▸ **Directions for this task**
Your response to the data below should hold nothing except the lines from the one containing "50th Wedding Anniversary" down to the one containing "Pantalon Gauvain Laine Noir", reproduced exactly and without pictures.

▸ **Extracted data**
━━━━━━━━━━━━━━━━━━━━

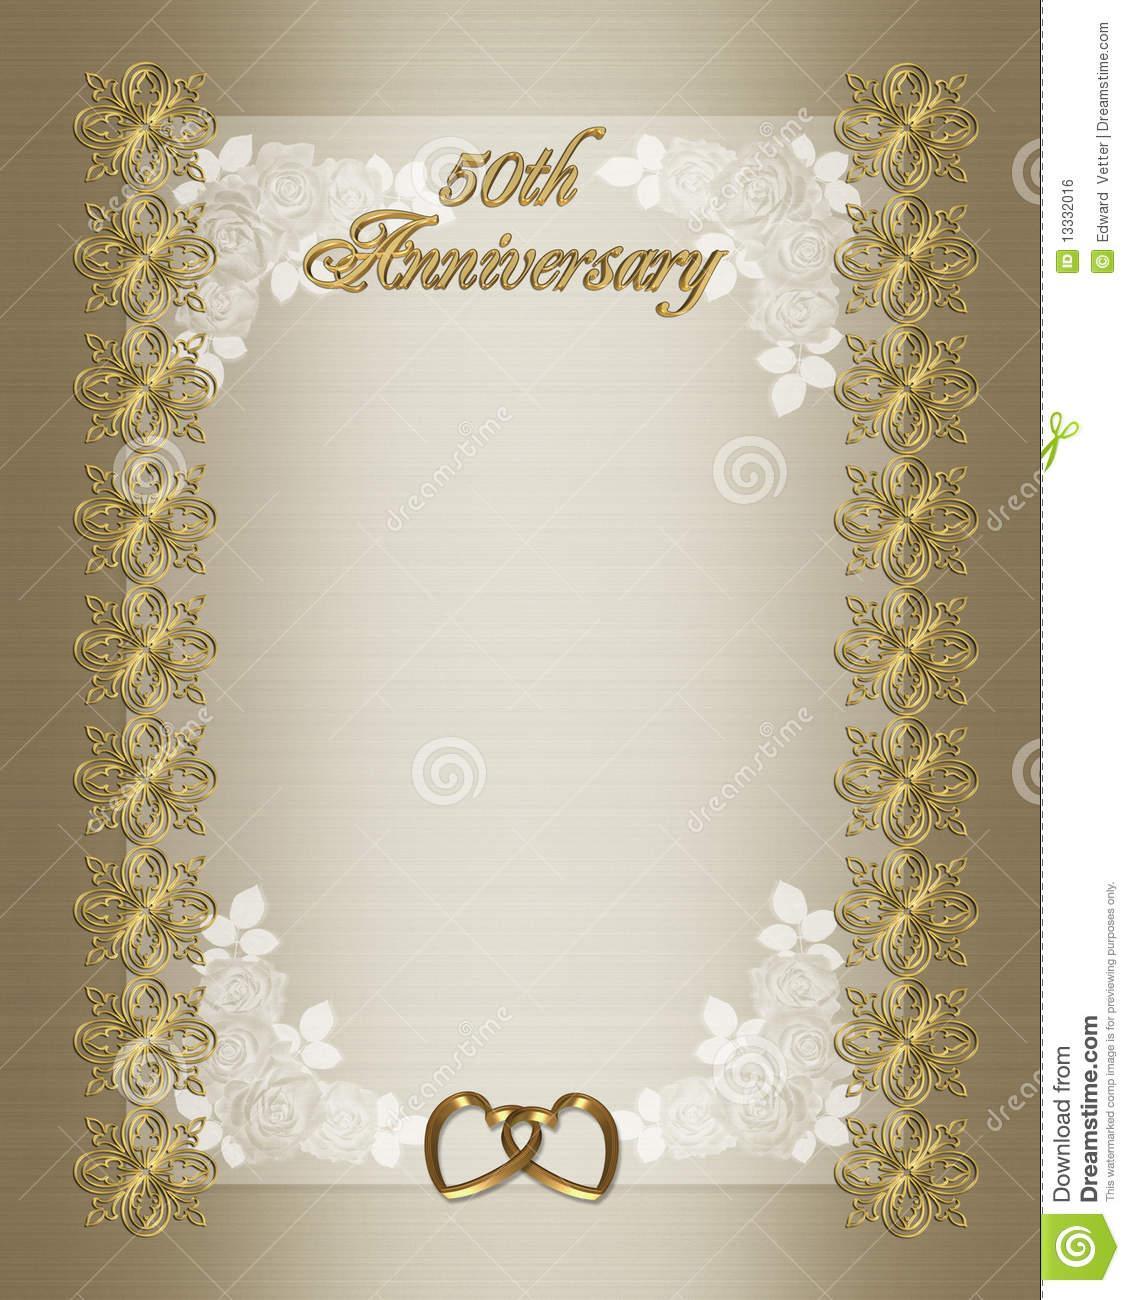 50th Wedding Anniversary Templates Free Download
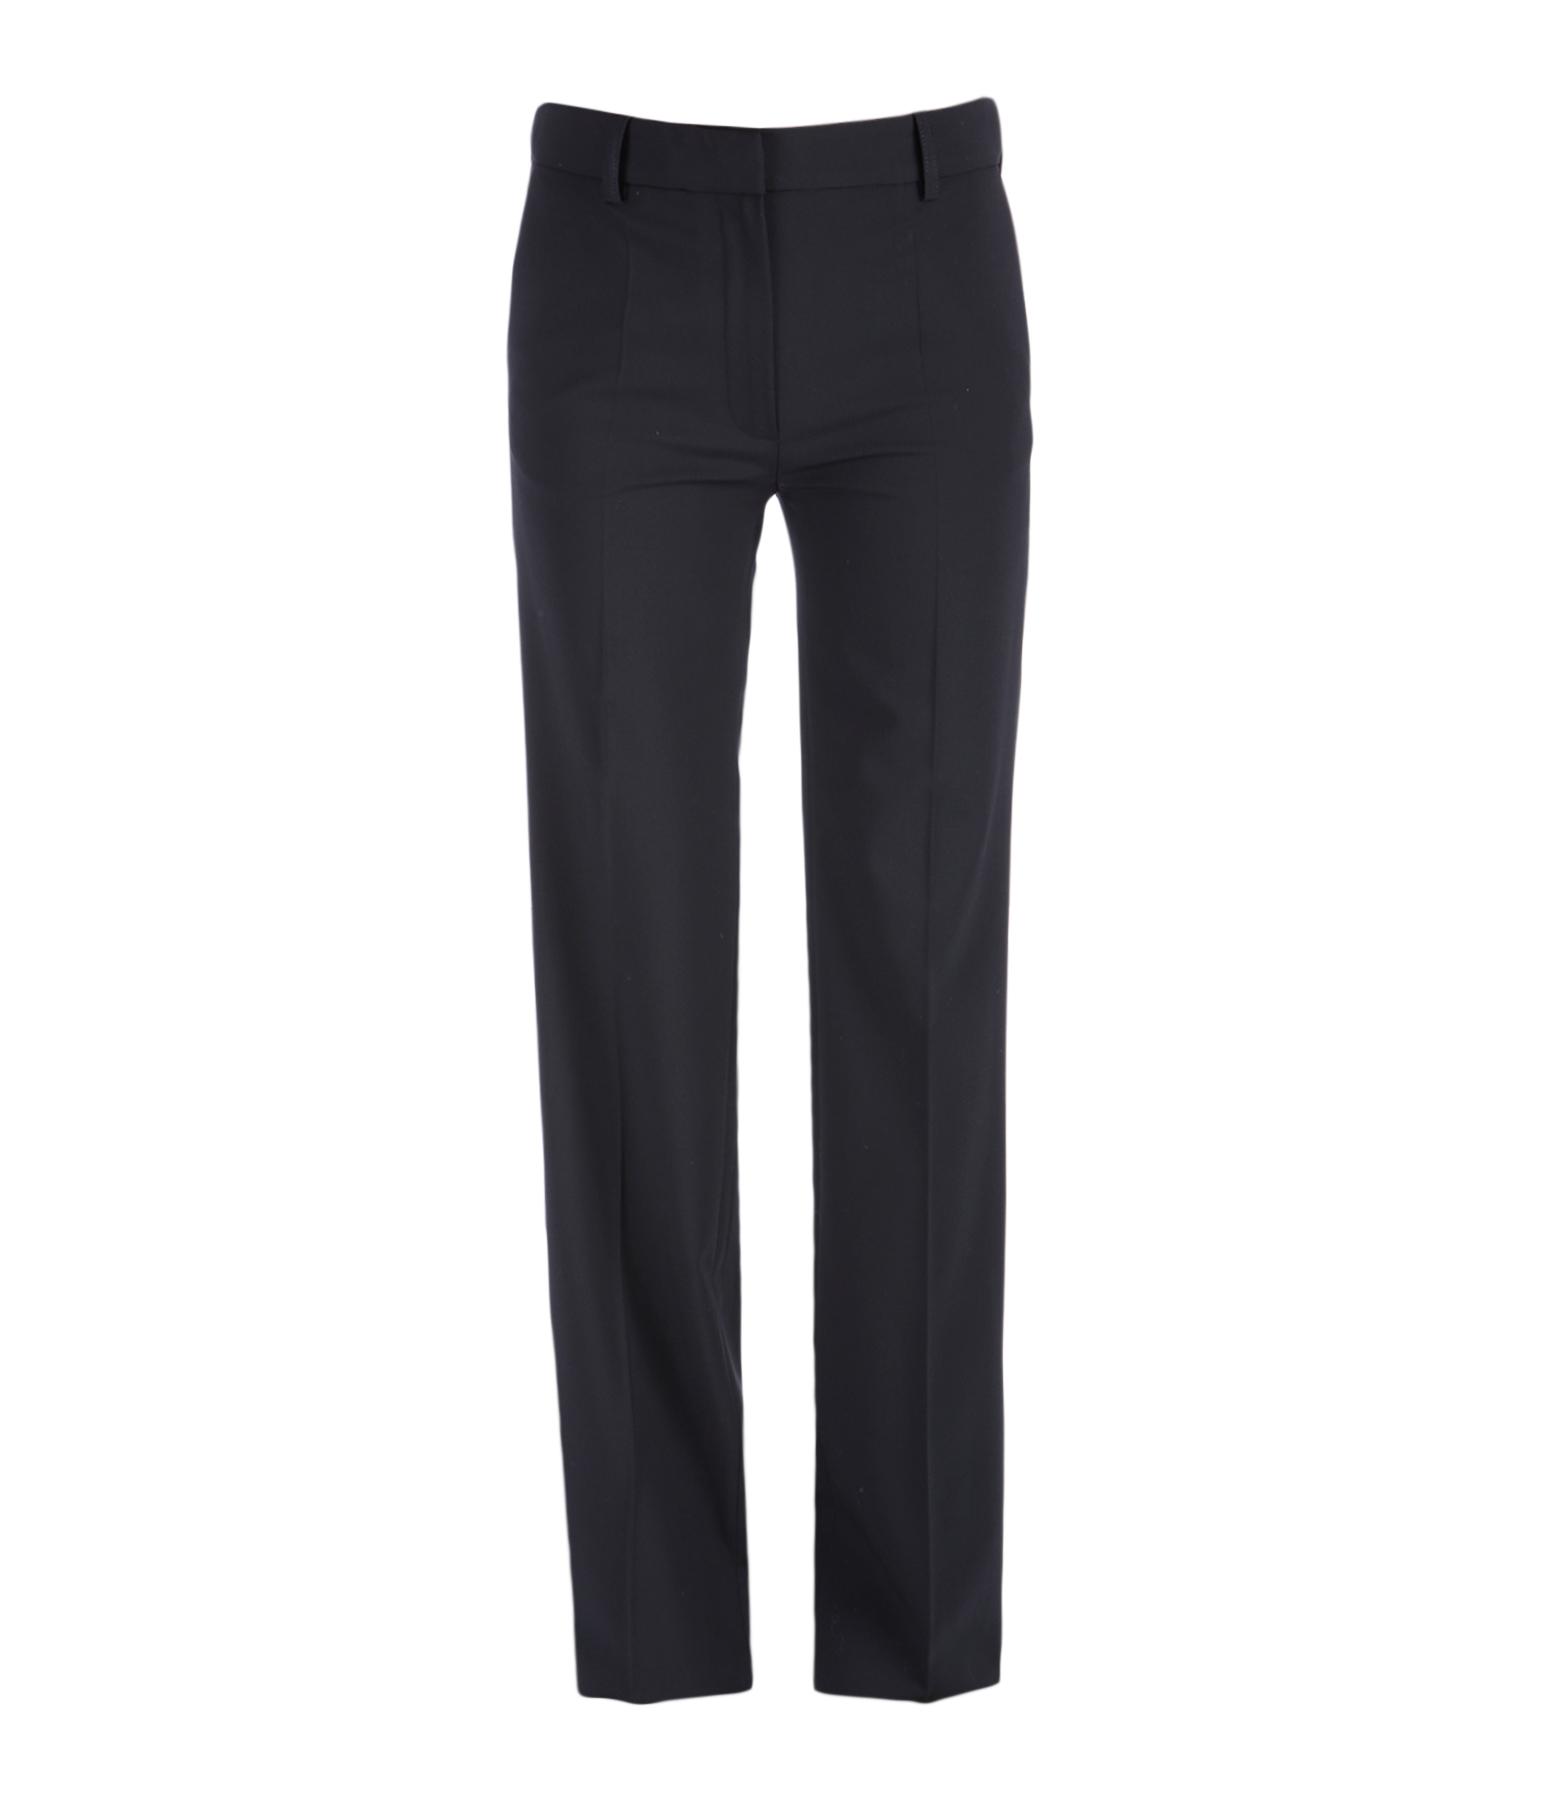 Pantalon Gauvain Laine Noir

━━━━━━━━━━━━━━━━━━━━

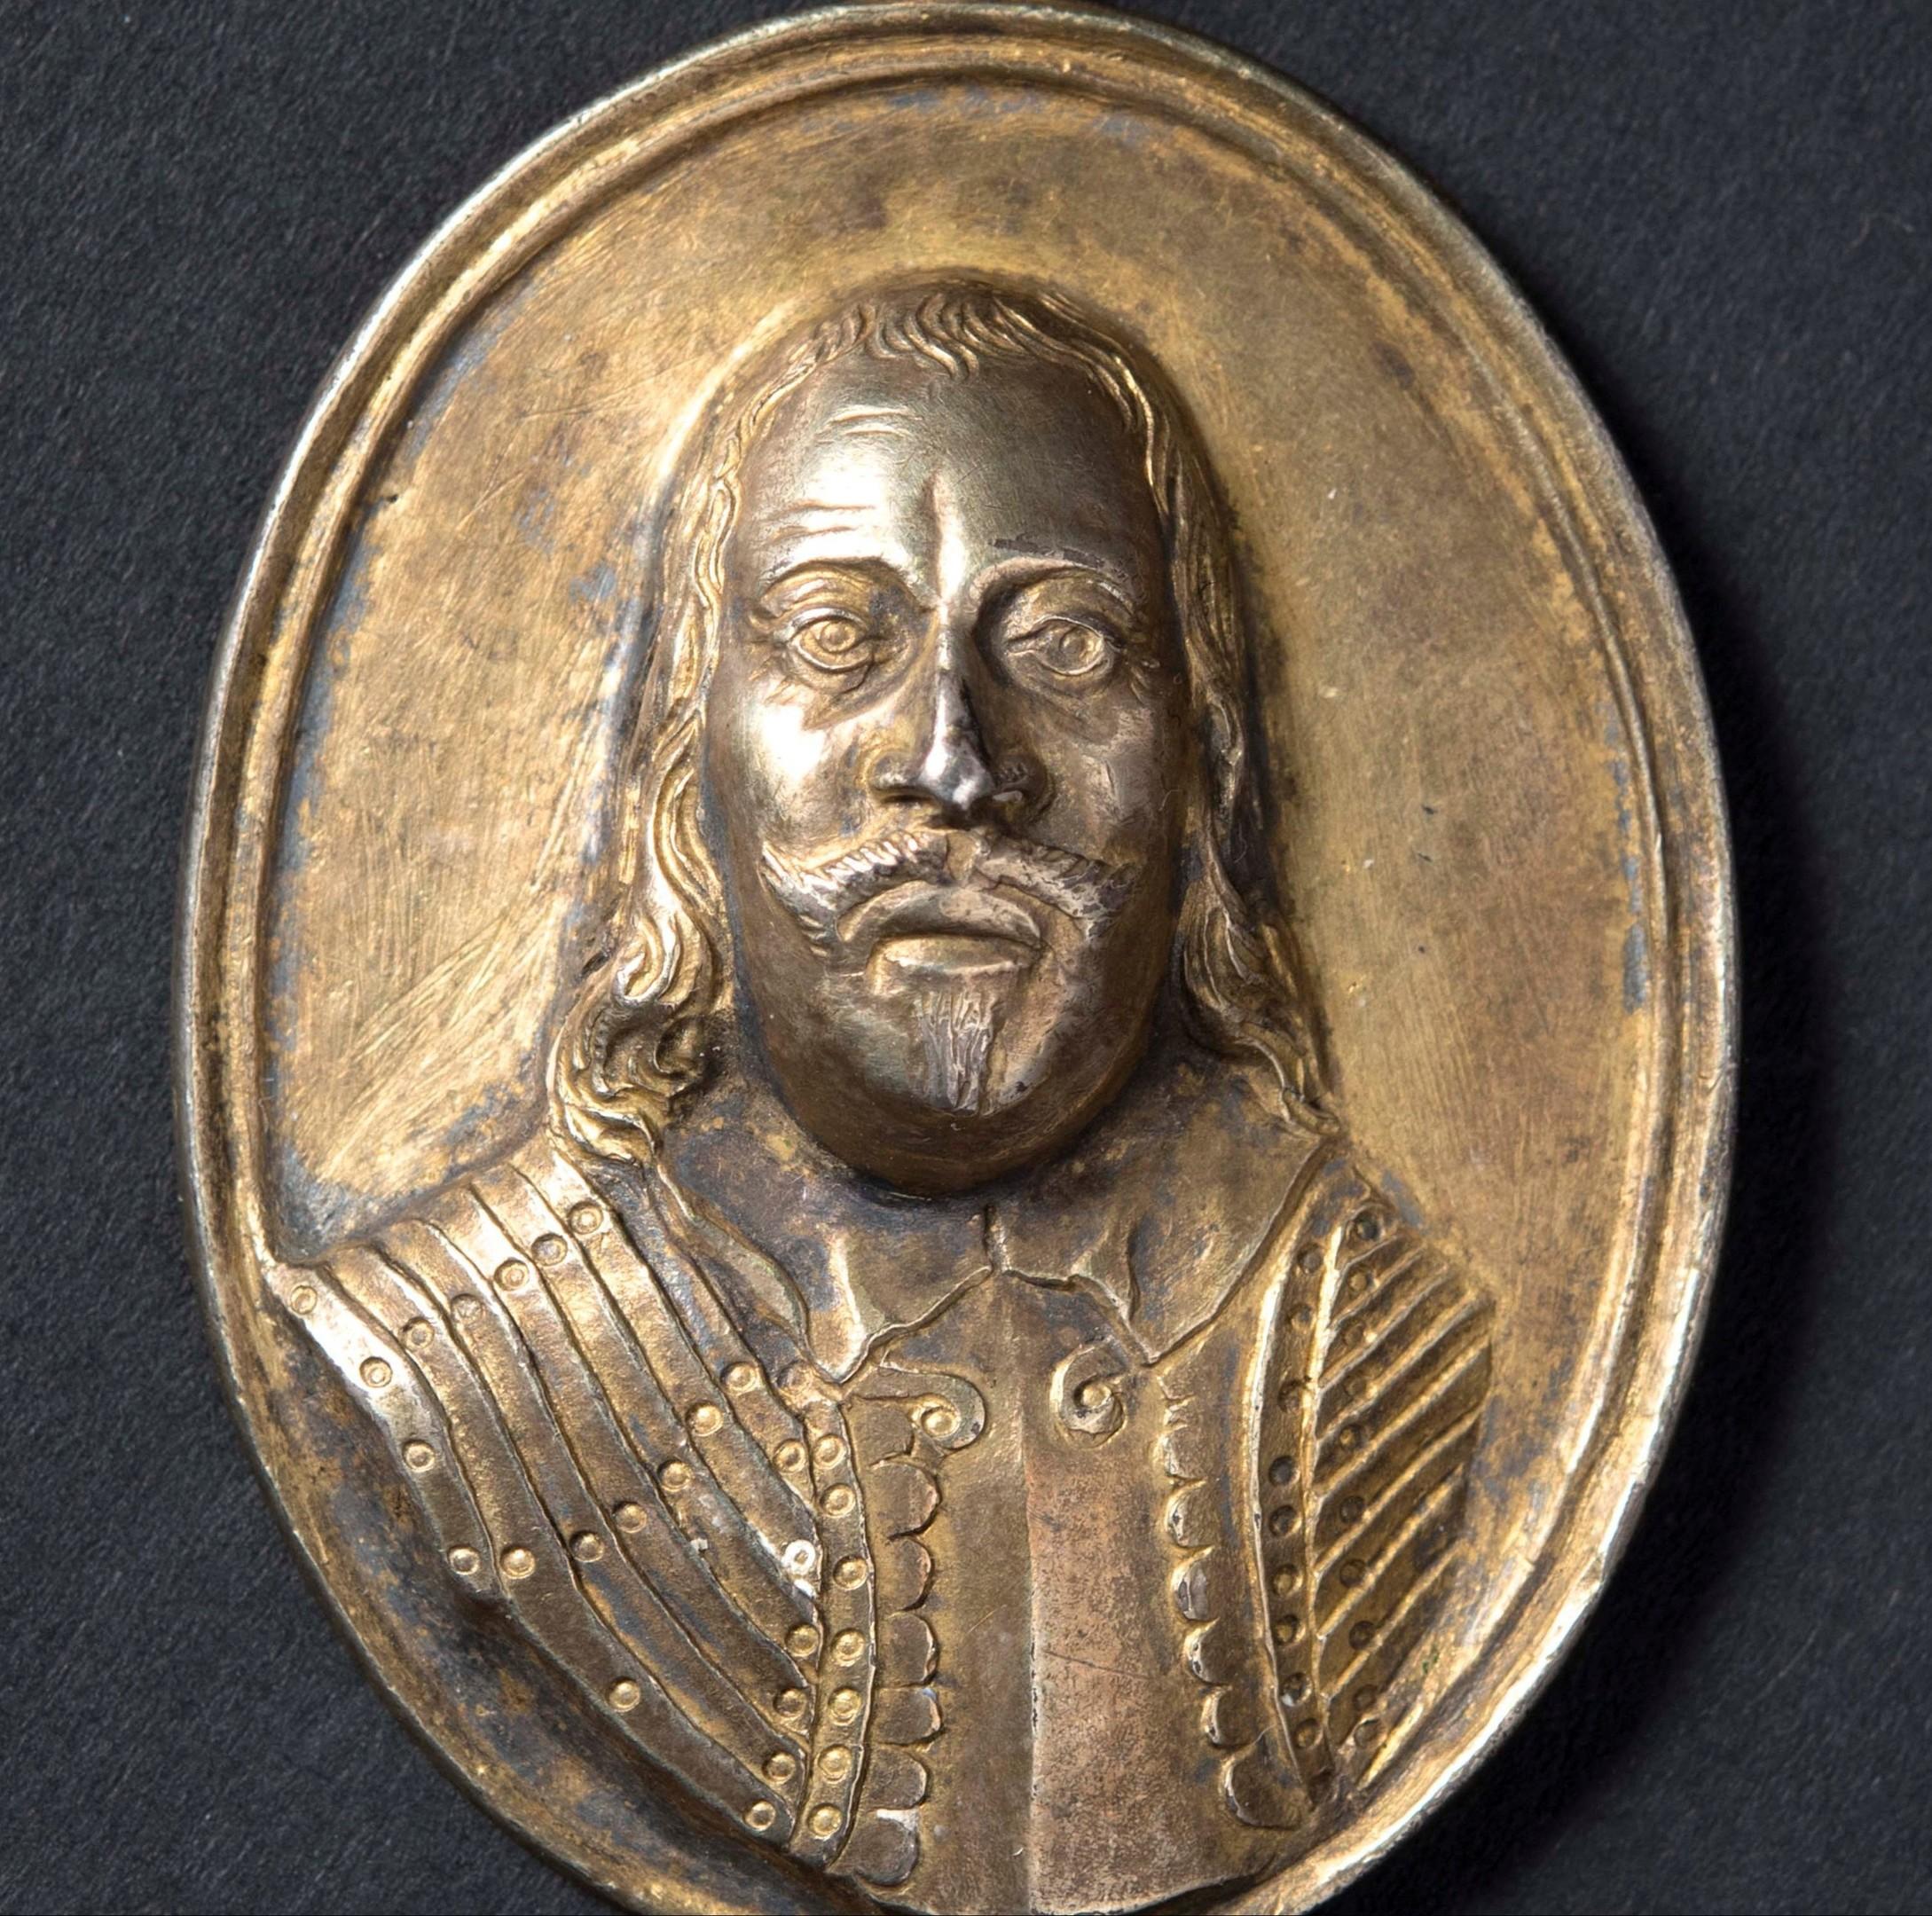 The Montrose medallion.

━━━━━━━━━━━━━━━━━━━━

▸ **Solution to the exercise**
 50th Wedding Anniversary Templates Free Download
 Pantalon Gauvain Laine Noir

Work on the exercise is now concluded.